[Data section]
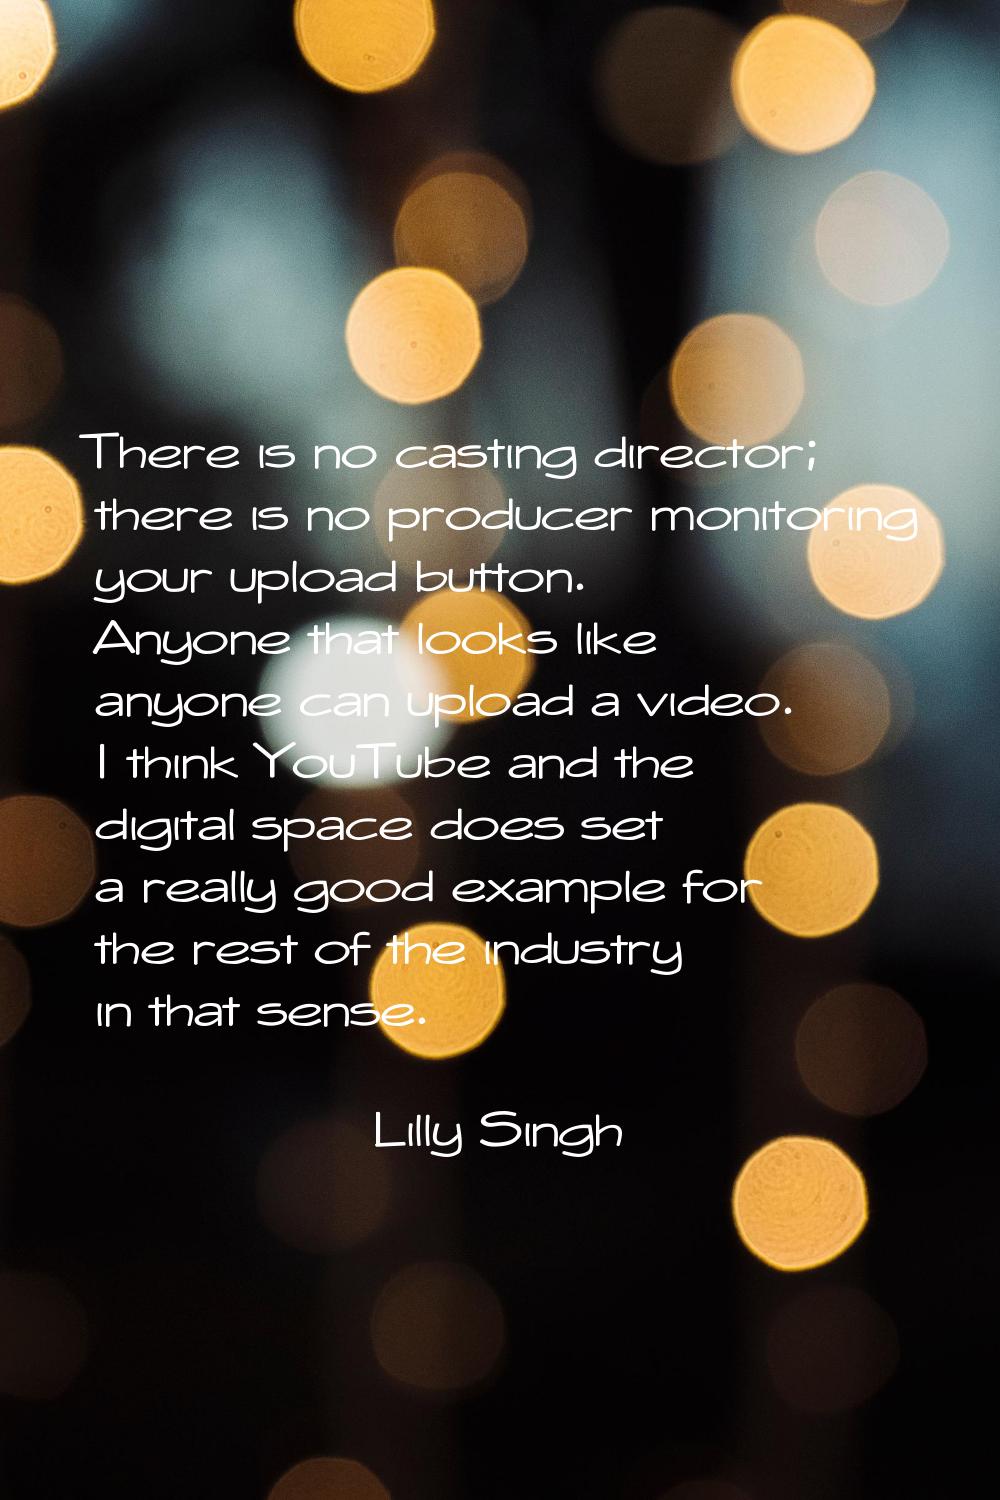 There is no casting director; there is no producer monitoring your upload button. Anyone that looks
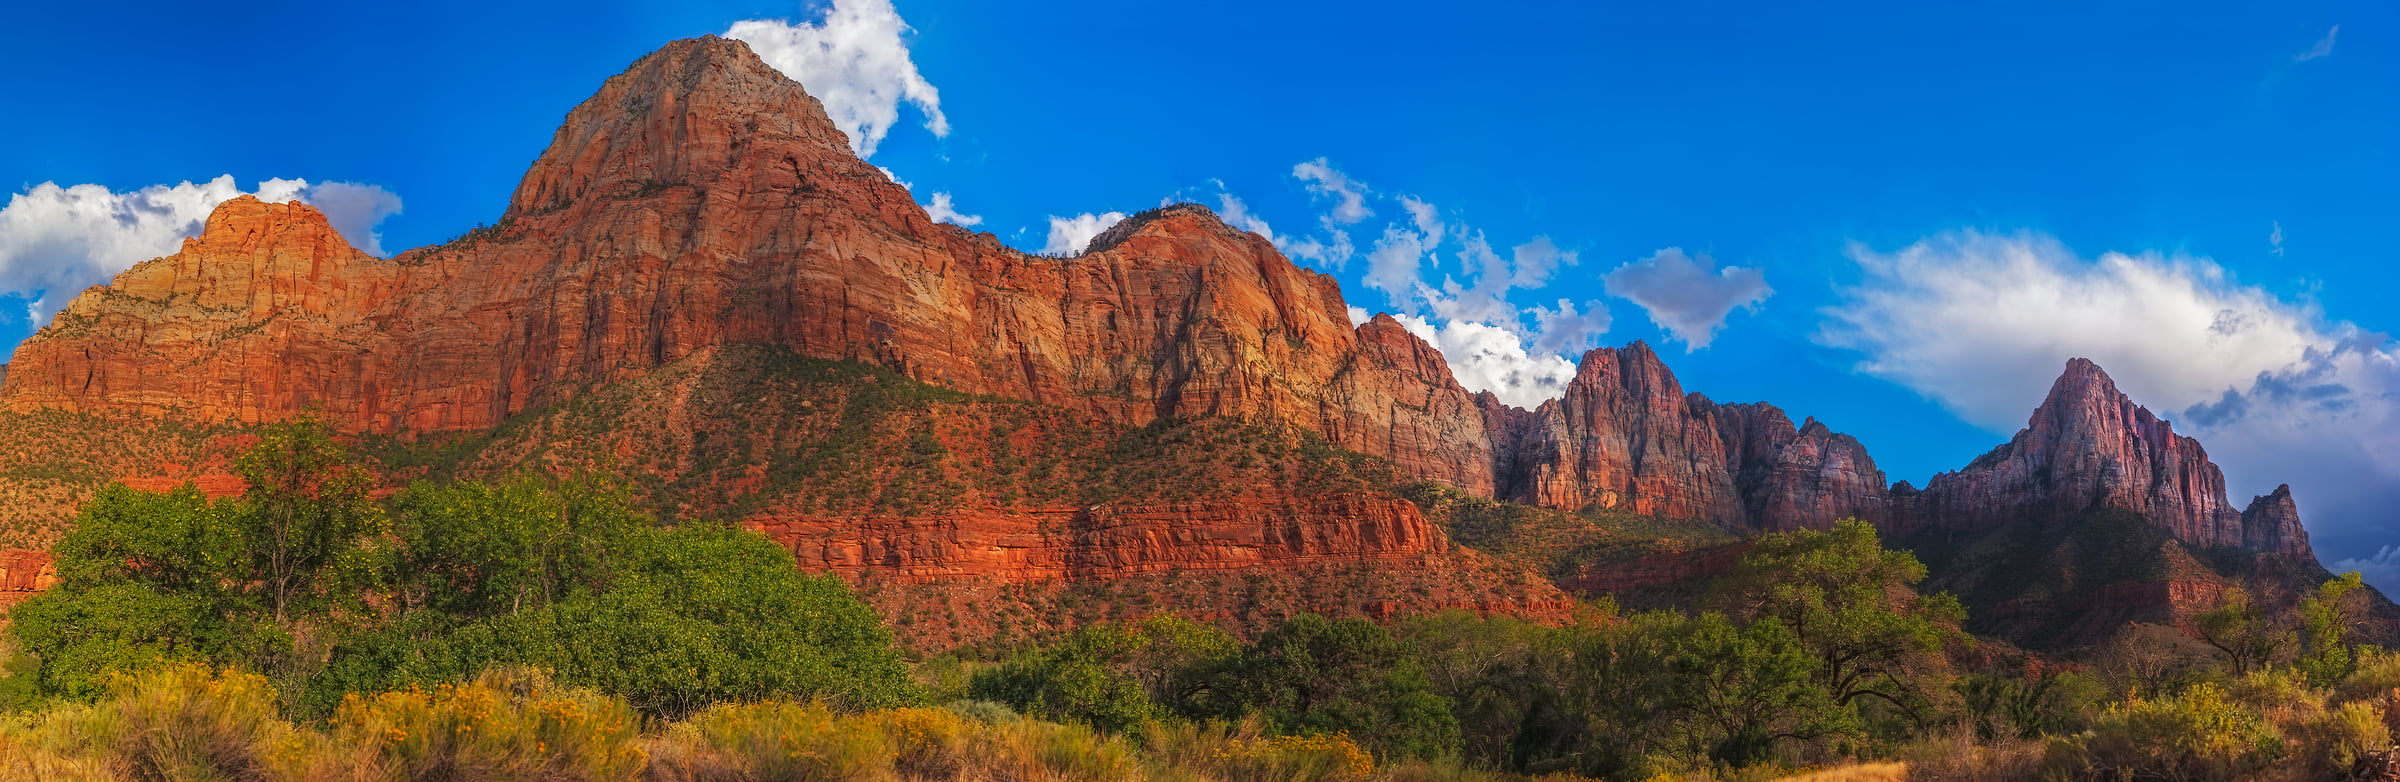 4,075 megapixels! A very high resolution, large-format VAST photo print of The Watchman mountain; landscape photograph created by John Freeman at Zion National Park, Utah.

==

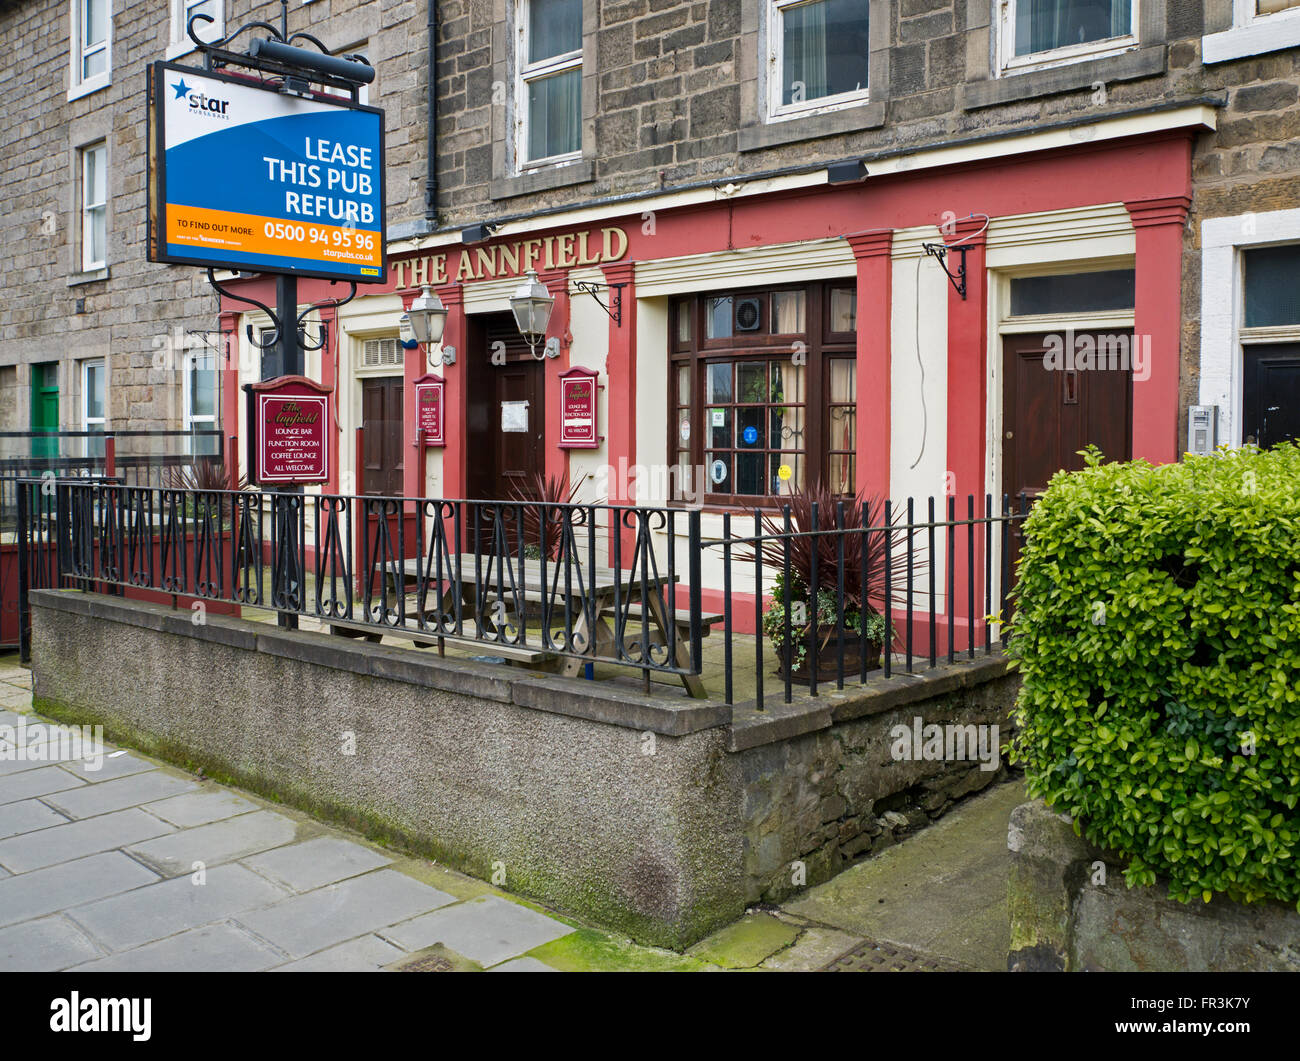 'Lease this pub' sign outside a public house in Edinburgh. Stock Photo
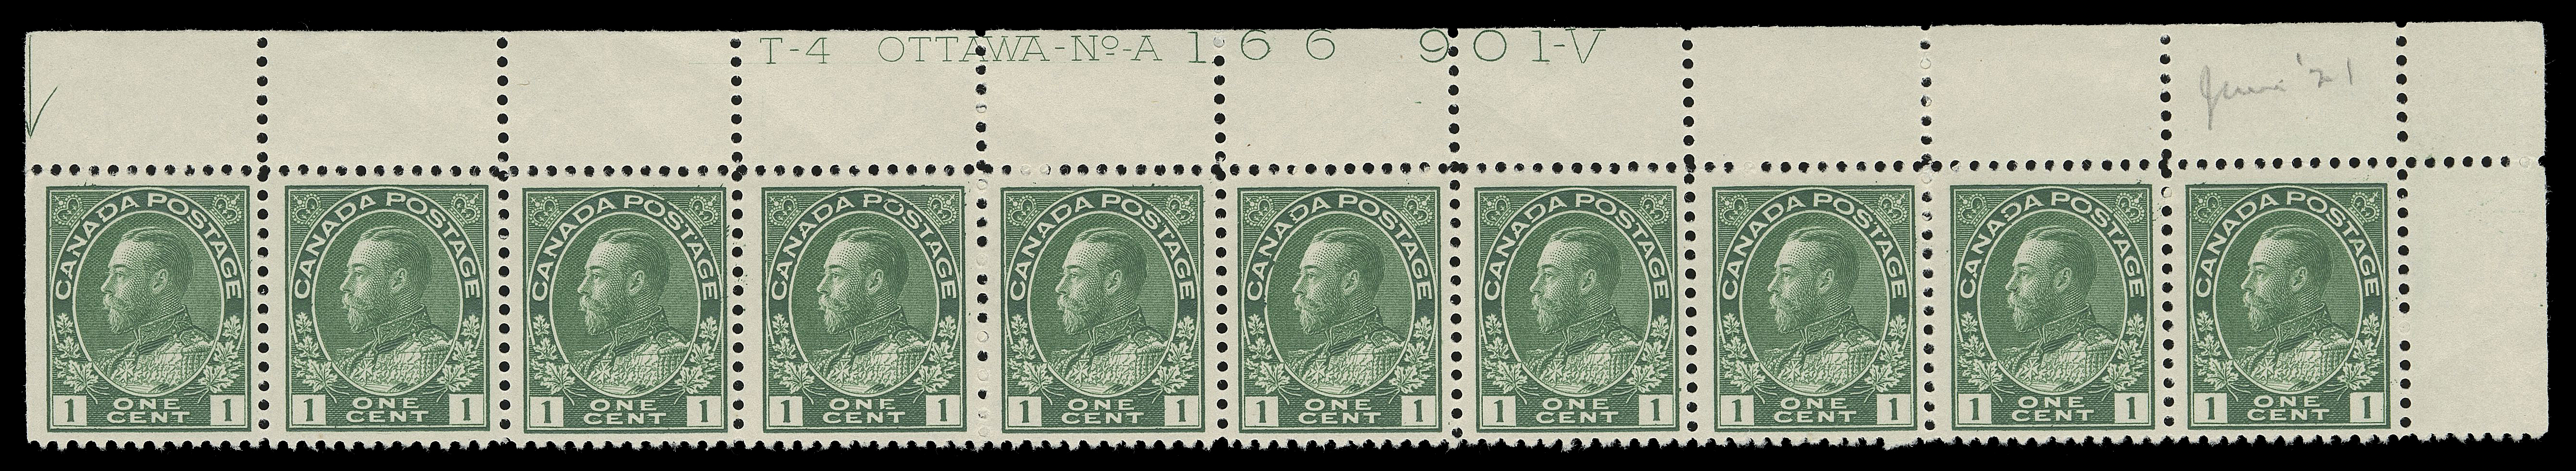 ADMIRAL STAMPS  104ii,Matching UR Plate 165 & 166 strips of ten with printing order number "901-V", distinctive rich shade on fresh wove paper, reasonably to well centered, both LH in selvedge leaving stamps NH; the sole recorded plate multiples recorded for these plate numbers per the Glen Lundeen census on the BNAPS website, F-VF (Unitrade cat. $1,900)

==

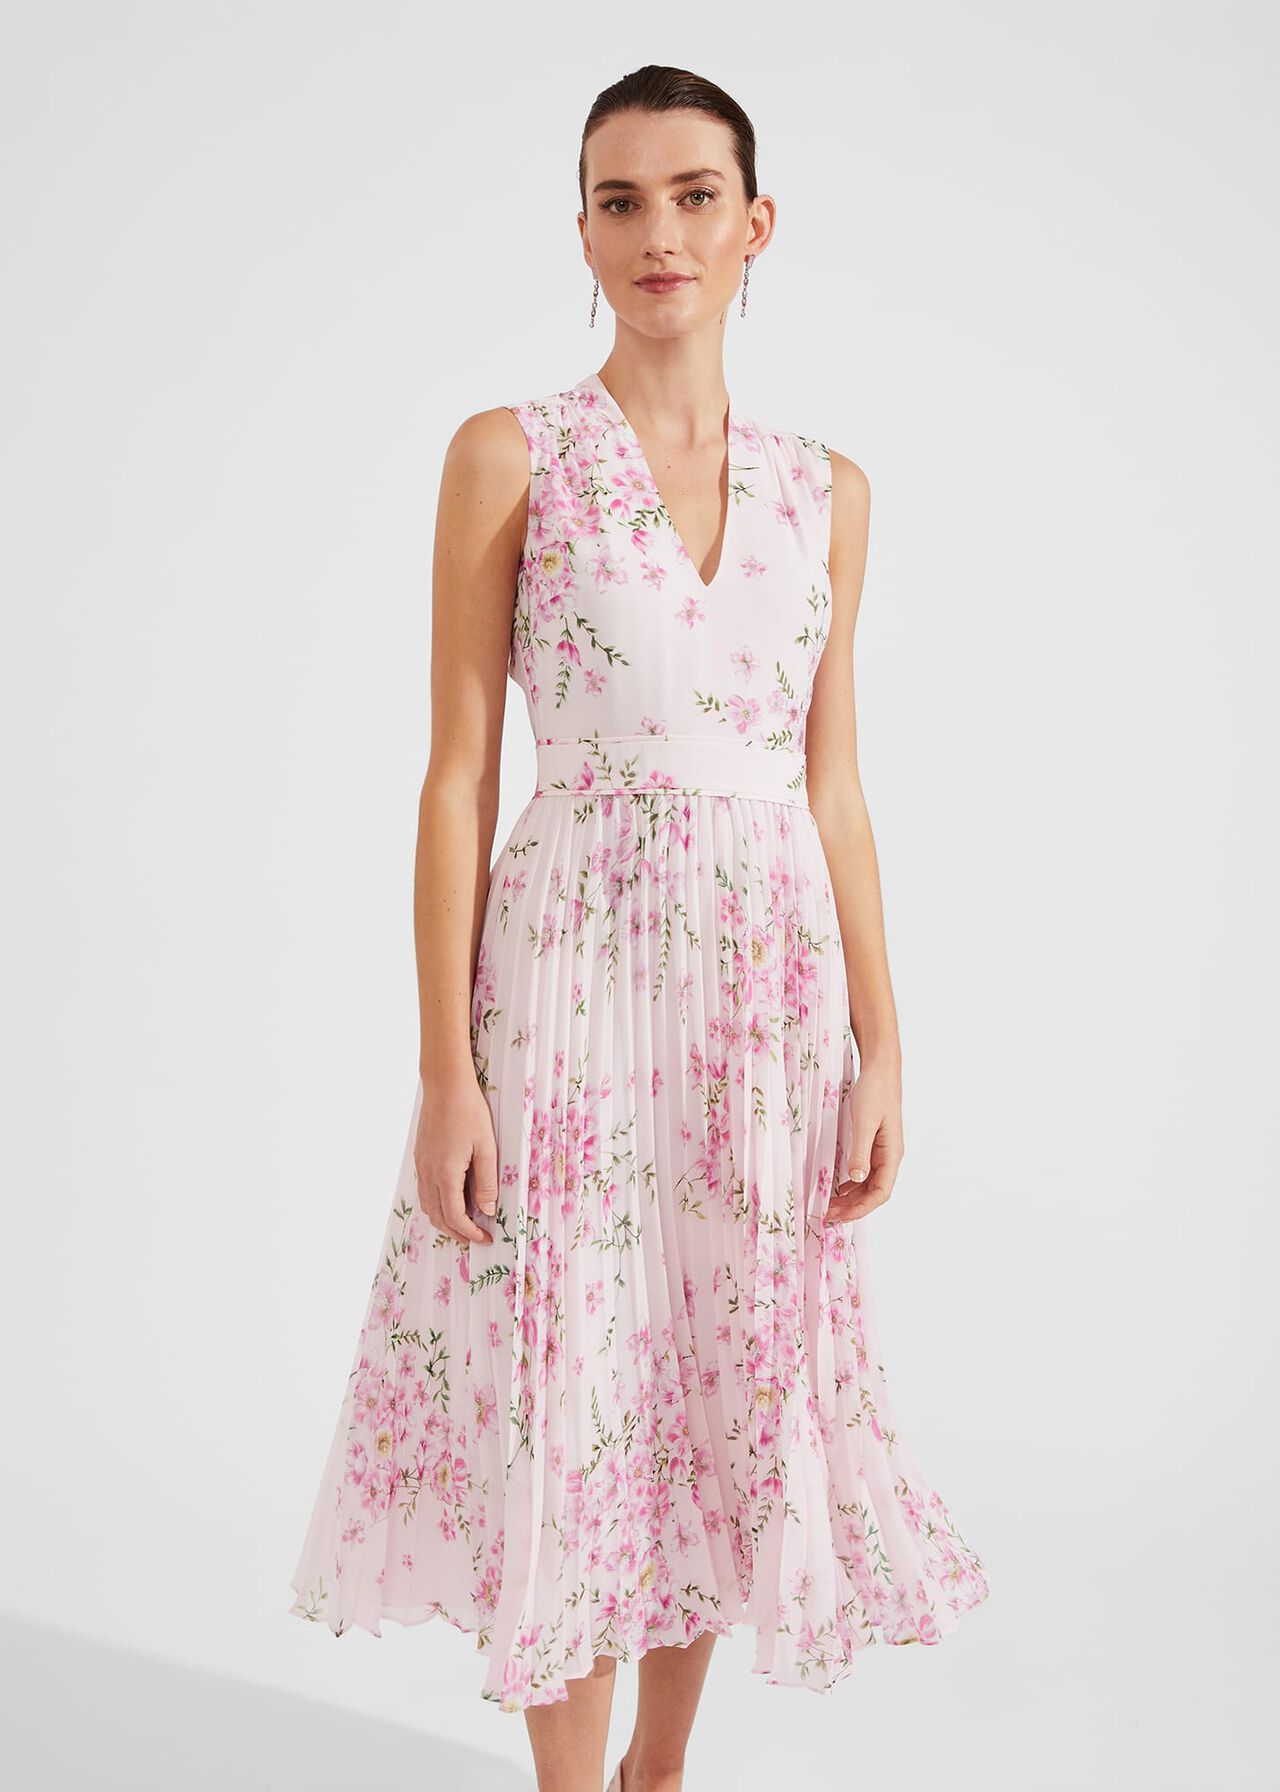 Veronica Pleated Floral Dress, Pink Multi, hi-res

[Exercise goal] Going by the data above, the answer is exactly the lines from the one holding "There is no casting" to the one holding "4,075 megapixels! A", both kept, with the pictures left out.

[Solution to the problem]
 There is no casting director; there is no producer monitoring your upload button. Anyone that looks
 4,075 megapixels! A very high resolution, large-format VAST photo print of The Watchman mountain; landscape photograph created by John Freeman at Zion National Park, Utah.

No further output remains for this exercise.